Jakarta TRIBUNNEWS.COM – Permintaan pemerintah provinsi (Pemprov) untuk menerapkan pembatasan sosial skala besar (PSBB) di DKI telah secara resmi disetujui oleh Kementerian Kesehatan Indonesia.

Gubernur DKI Anies Baswedan mem-posting ulang PSBB di Jakarta. , Selasa (4 Juli 2020) akan mulai berlaku pada hari Jumat, 10 April 2020 dan akan berlangsung selama 14 hari.
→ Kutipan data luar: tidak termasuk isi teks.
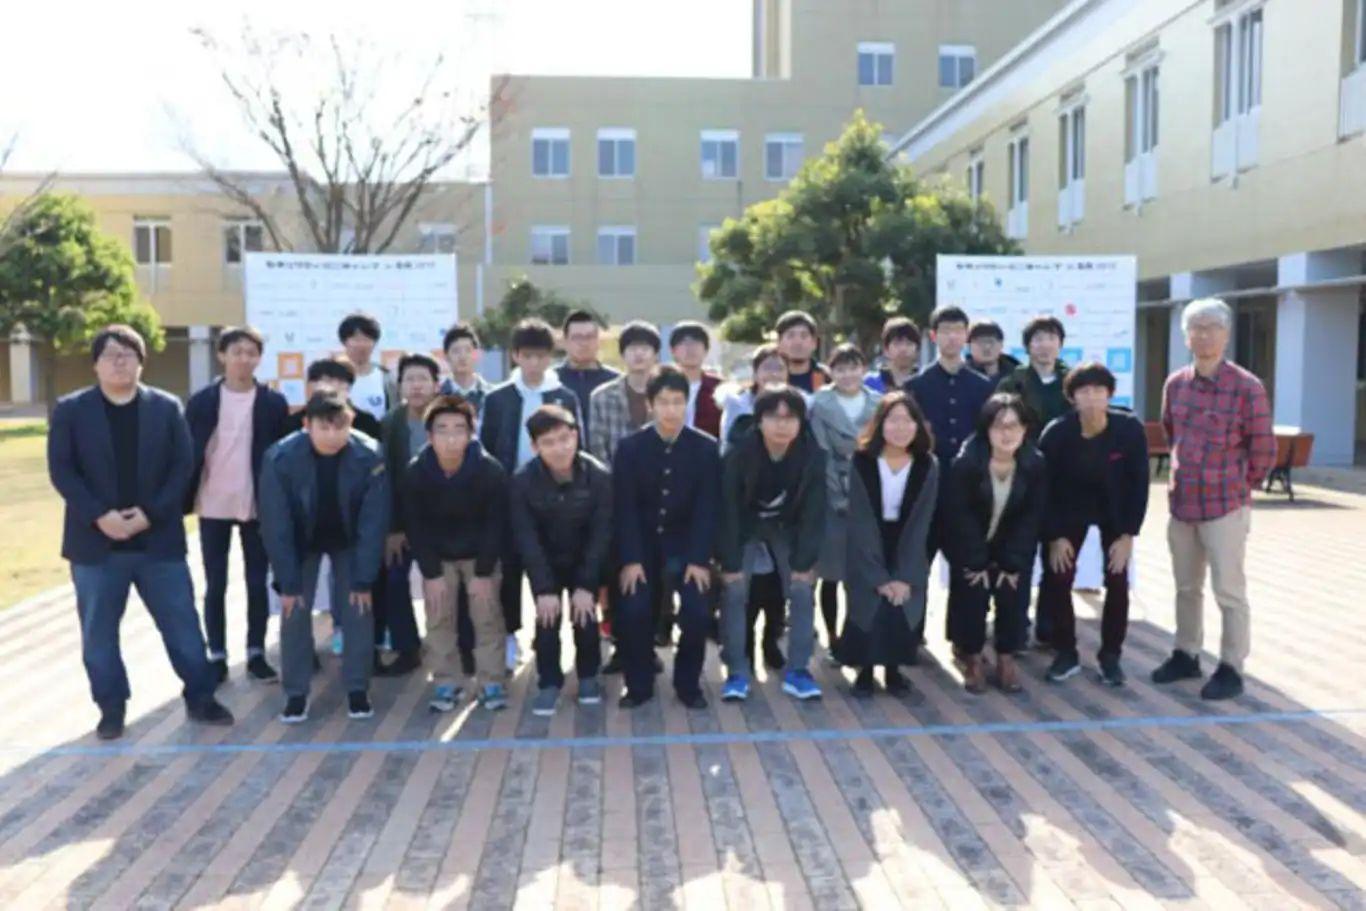 セキュリティ・ミニキャンプ in 長崎 2019を開催しました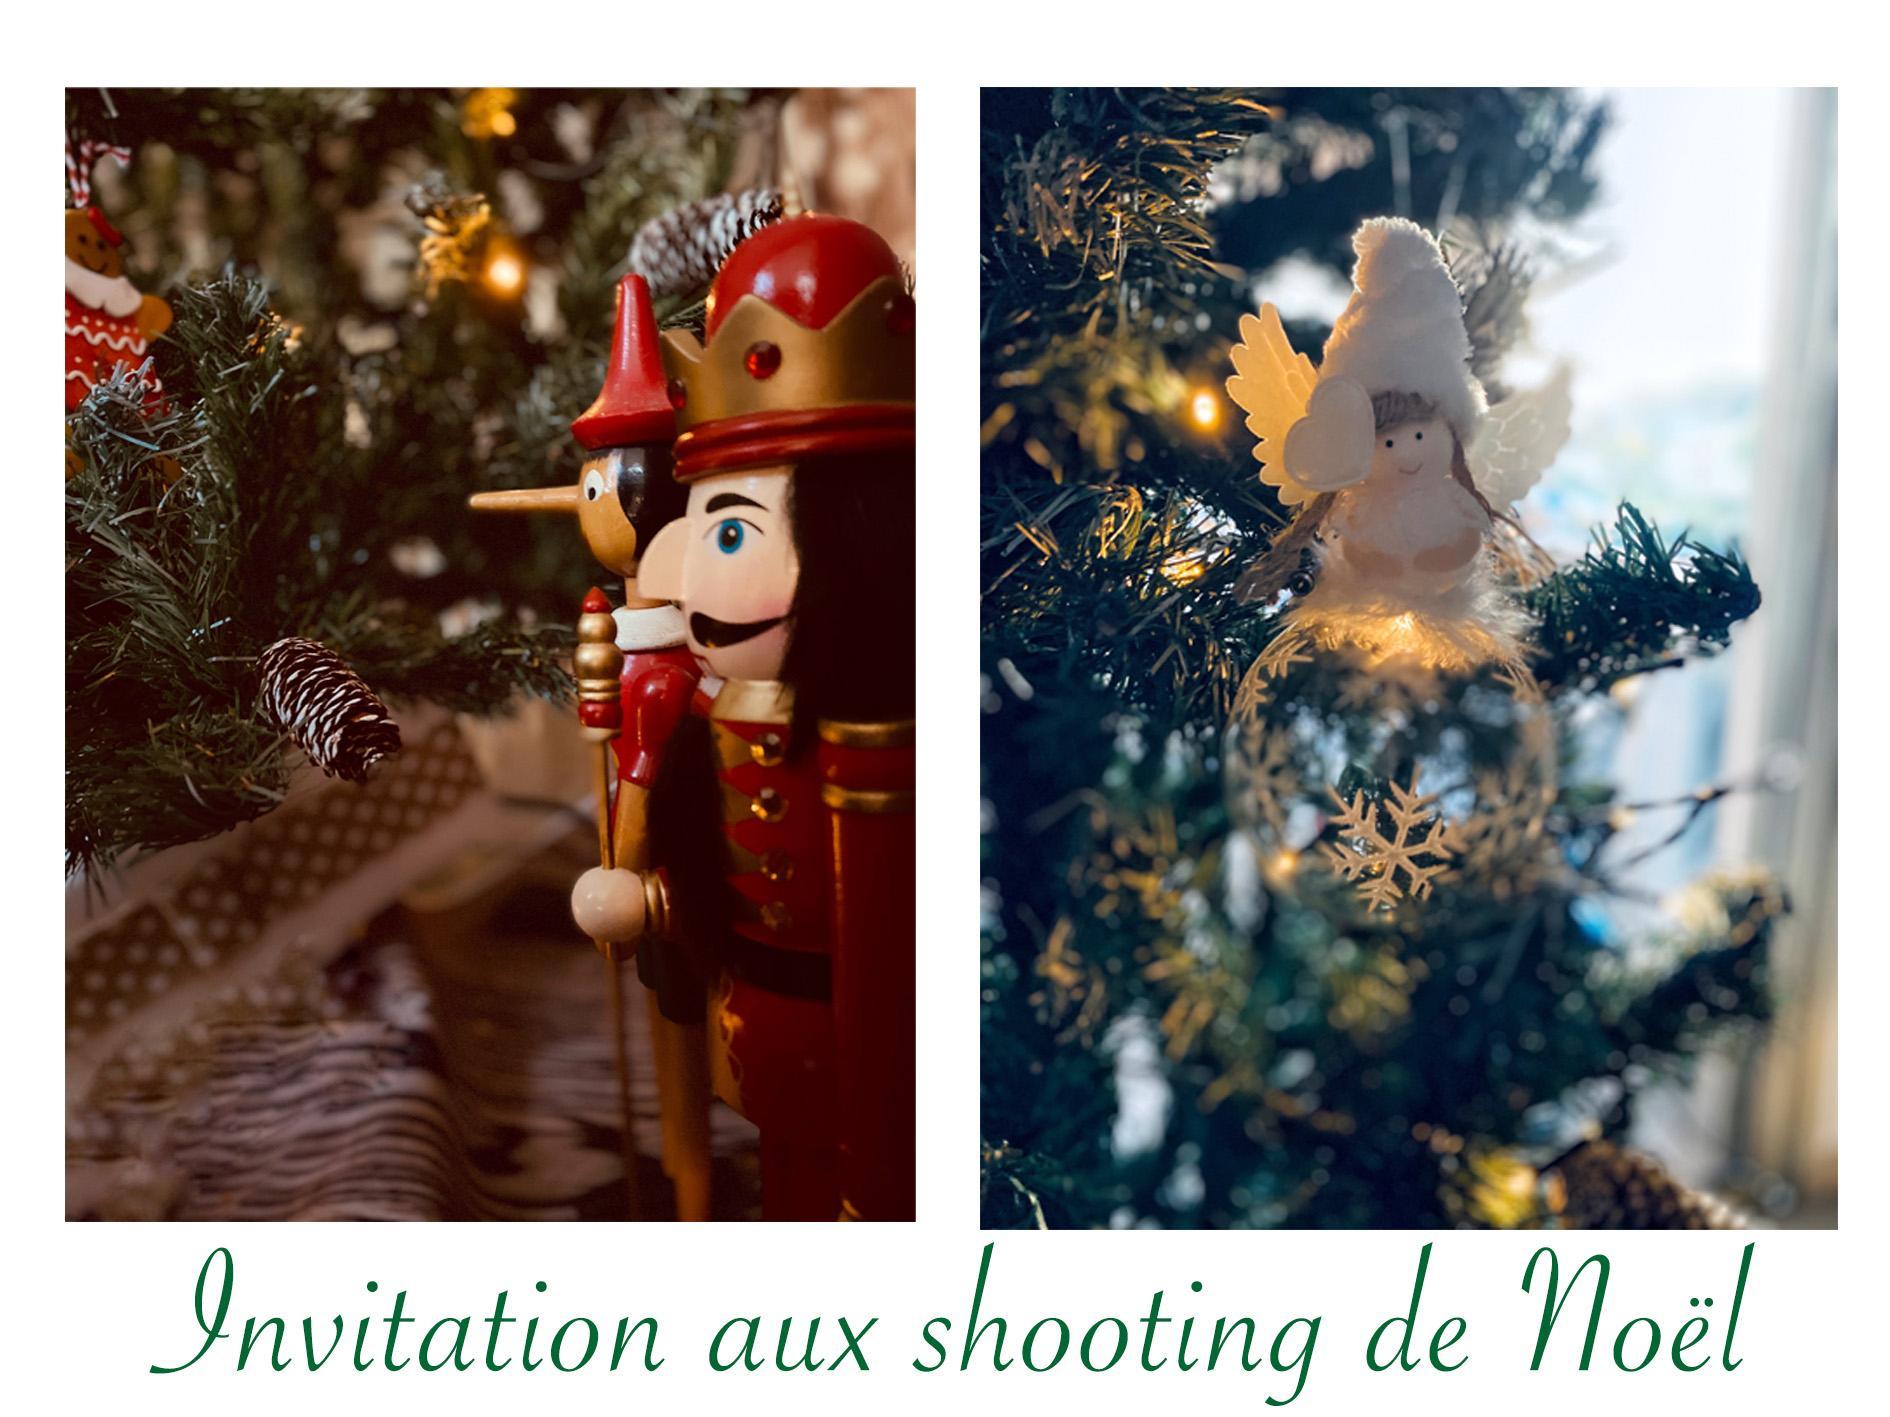 Shooting aux couleurs de Noël

Kepala Departemen Media dan Kesehatan Masyarakat Busroni mengatakan bahwa Kementerian Keamanan Publik segera berlaku setelah keputusan Menteri pada hari Selasa (4 April, 2020).

Dalam Pasal 13 Peraturan Menteri Kesehatan No. 9 Tahun 2020, tempat kerja akan dihibur.

Baca: Ulang tahun Anna Riana Regina Penkoran Ojegg Pemberi kepada Mas Pall, yang disebut proyek Setayas shaggy

Baca: para pejabat ini Memberikan gaji kepada warga Corona, bupati Corona, bupati Tanah Laut Bisakah itu pulih? — – Rasa santai bekerja di Permenkes dipahami untuk membatasi alur kerja kantor dan digantikan oleh pekerjaan yang bekerja dari rumah atau sekarang disebut pekerjaan rumahan.

Namun, semua kantor tidak akan ditutup sesuai dengan peraturan “Permenkes”.

Perusahaan yang bergerak di bidang pertahanan dan keamanan nasional, ketertiban umum, permintaan makanan, bahan bakar minyak dan gas alam masih diizinkan untuk beroperasi.

Demikian pula, perusahaan yang bergerak di bidang layanan kesehatan, ekonomi, keuangan, komunikasi, industri, impor dan ekspor, logistik dan keperluan lainnya masih dapat digunakan selama PSBB.

Selain itu, dalam lampiran, kantor yang akan terus beroperasi selama implementasi PSBB akan dijelaskan secara rinci.

Berikut ini adalah daftar lengkap kantor yang akan selalu beroperasi: satu.